FaktaID.net – Indonesia dan Prancis berkomitmen untuk memperkuat hubungan strategis di sektor pertahanan melalui penandatanganan Letter of Intent (LoI) yang direncanakan berlangsung pada Rabu, 28 Mei 2025. Penandatanganan ini menjadi bagian penting dalam rangkaian kunjungan kenegaraan Presiden Prancis Emmanuel Macron ke Indonesia.
Menteri Pertahanan Sjafrie Sjamsoeddin menyampaikan hal tersebut dalam keterangan pers usai menyambut kedatangan Presiden Macron di Jakarta.
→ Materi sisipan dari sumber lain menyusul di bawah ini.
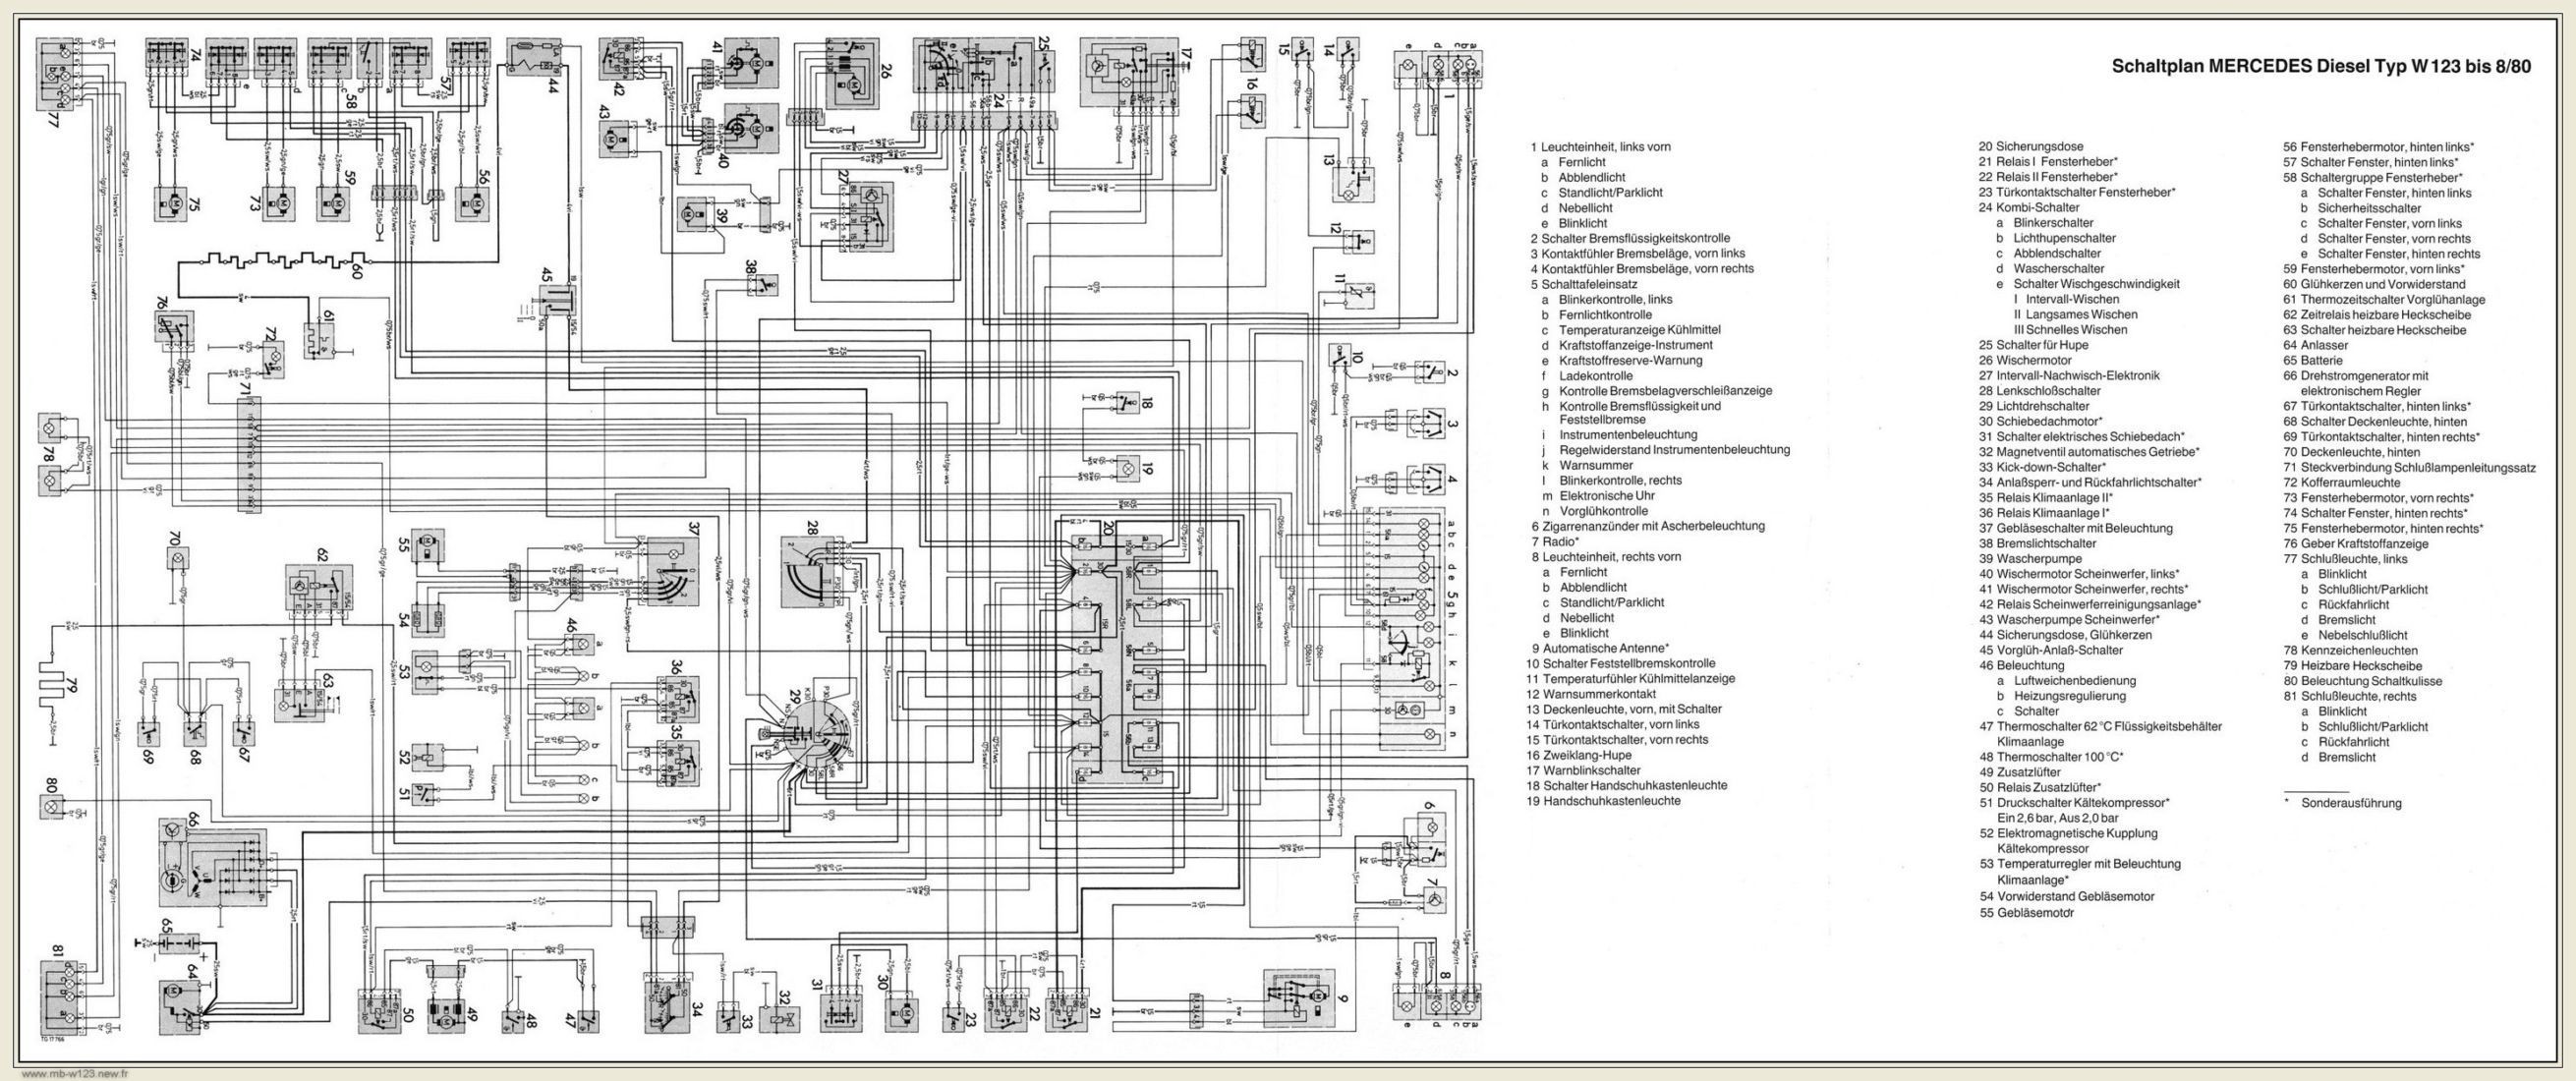 Mercedes Engine Diagram Schaltplan Mercedes W115 2 Mercedes Benz Pinterest Of Mercedes Engine Diagram

“Kita akan menandatangani LoI besok sama-sama dengan para menteri yang lain. Intinya adalah kita akan mengembangkan kerja sama di bidang pertahanan antara Indonesia dan Prancis, khususnya untuk alutsista strategis,” ujar Menhan Sjafrie di Pangkalan TNI AU Halim Perdanakusuma, Jakarta, pada Selasa (27/5).
Selain agenda resmi kenegaraan di Istana Merdeka, Presiden Macron juga dijadwalkan mengunjungi Akademi Militer (Akmil) di Magelang, Jawa Tengah. Menhan Sjafrie menyebut kunjungan ini bertujuan untuk melihat langsung fasilitas pendidikan bahasa Prancis yang digunakan oleh para calon perwira TNI.
“Akan berkunjung melihat laboratorium bahasa Prancis, di mana para prajurit-prajurit TNI, perwira, dan juga ada bintara yang akan berangkat ke Prancis. Itu sudah mahir untuk berbahasa Prancis,” jelas Sjafrie.
Presiden Macron tiba di Jakarta pada Selasa malam sekitar pukul 22.00 WIB, didampingi Ibu Negara Brigitte Macron serta delegasi resmi. Kehadiran mereka disambut dengan upacara kehormatan yang juga menampilkan Tari Nandak Ajer sebagai simbol selamat datang dari budaya khas Indonesia. (DR)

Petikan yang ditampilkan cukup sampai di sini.